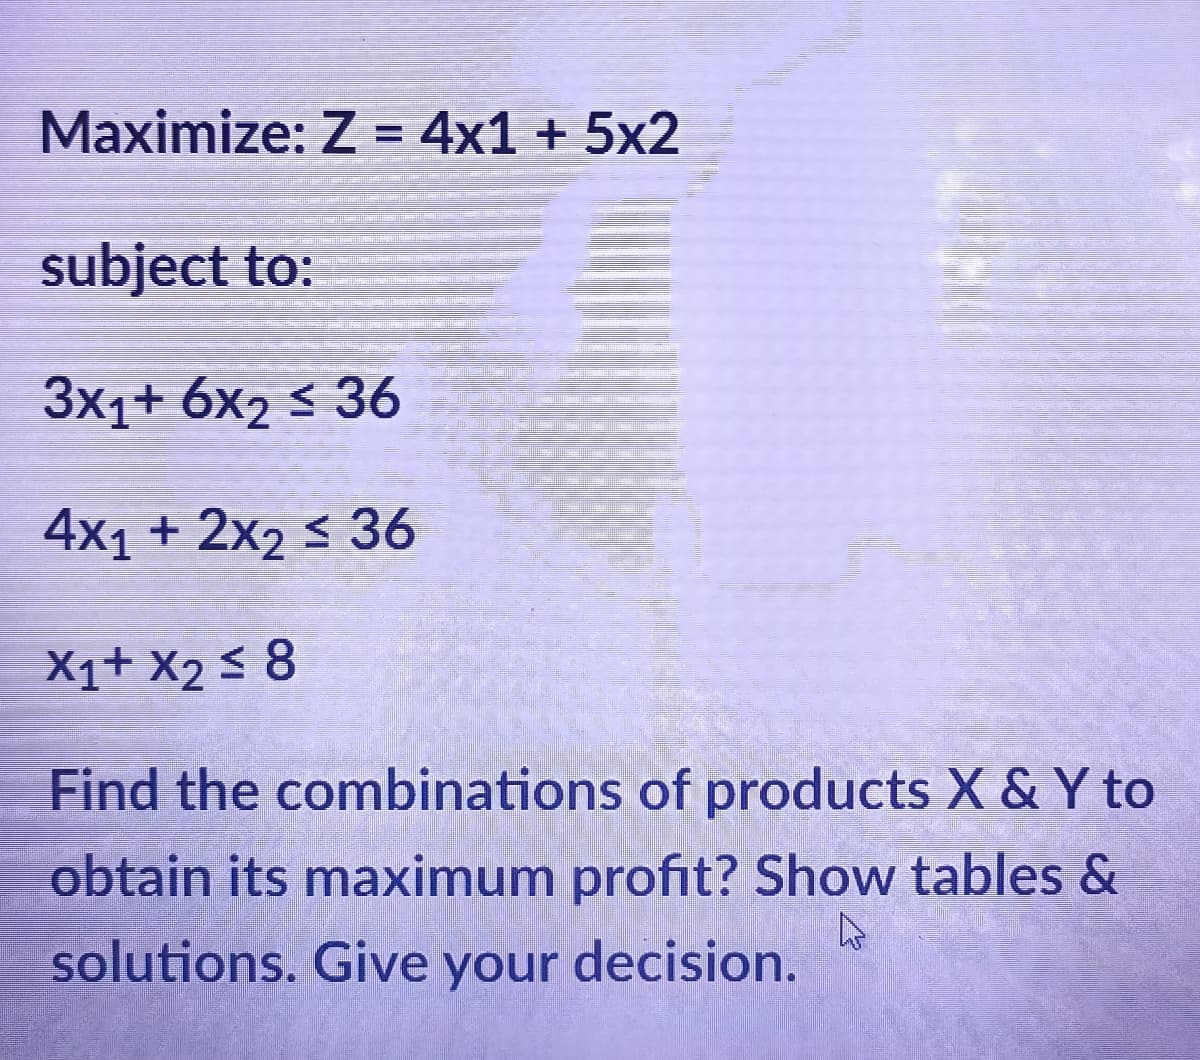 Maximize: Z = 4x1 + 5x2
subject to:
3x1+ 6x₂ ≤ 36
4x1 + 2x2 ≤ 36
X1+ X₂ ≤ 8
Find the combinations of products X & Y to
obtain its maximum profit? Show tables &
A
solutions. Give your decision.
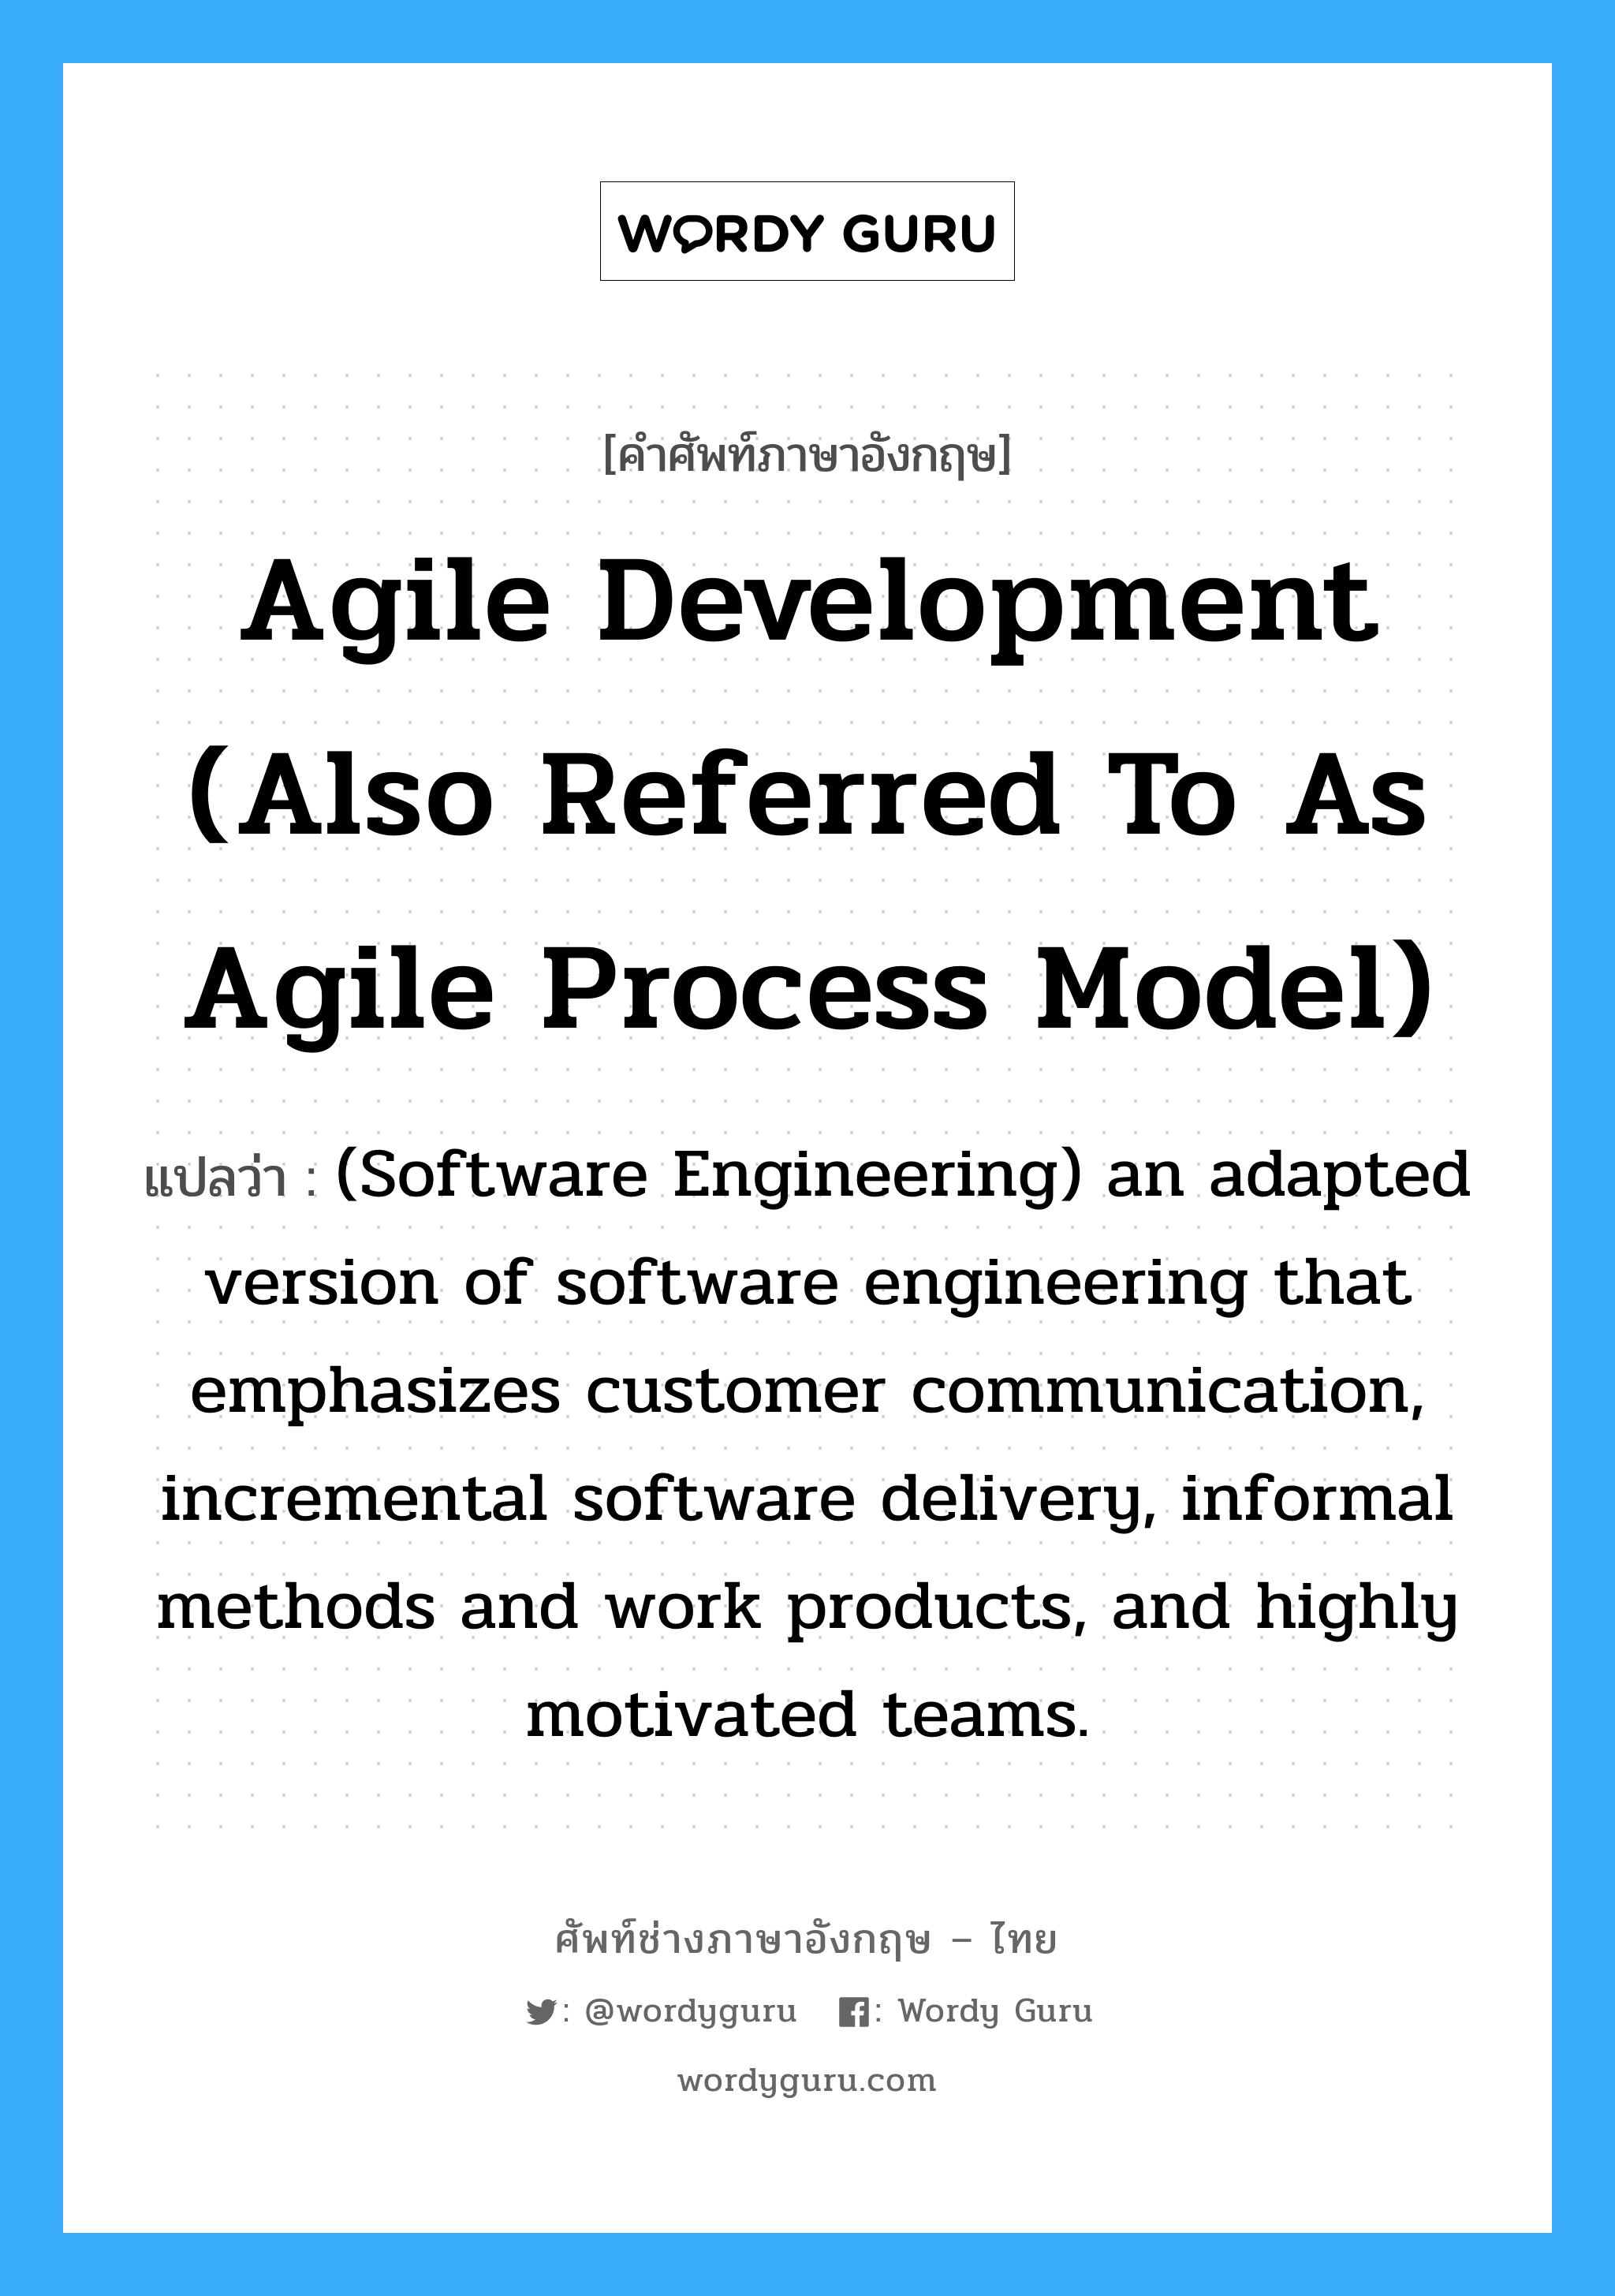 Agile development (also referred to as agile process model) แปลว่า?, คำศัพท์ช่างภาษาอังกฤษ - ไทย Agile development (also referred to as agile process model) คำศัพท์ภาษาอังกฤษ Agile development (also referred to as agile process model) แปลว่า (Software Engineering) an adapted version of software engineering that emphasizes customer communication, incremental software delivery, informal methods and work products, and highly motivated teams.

### What you are asked to do
Please print the data above once more, exactly and without images.

### Response to this exercise
 Maximize: Z = 4x1 + 5x2
subject to:
3x1+ 6x₂ ≤ 36
4x1 + 2x2 ≤ 36
X1+ X₂ ≤ 8
Find the combinations of products X & Y to
obtain its maximum profit? Show tables &
A
solutions. Give your decision.
 Agile development (also referred to as agile process model) แปลว่า?, คำศัพท์ช่างภาษาอังกฤษ - ไทย Agile development (also referred to as agile process model) คำศัพท์ภาษาอังกฤษ Agile development (also referred to as agile process model) แปลว่า (Software Engineering) an adapted version of software engineering that emphasizes customer communication, incremental software delivery, informal methods and work products, and highly motivated teams.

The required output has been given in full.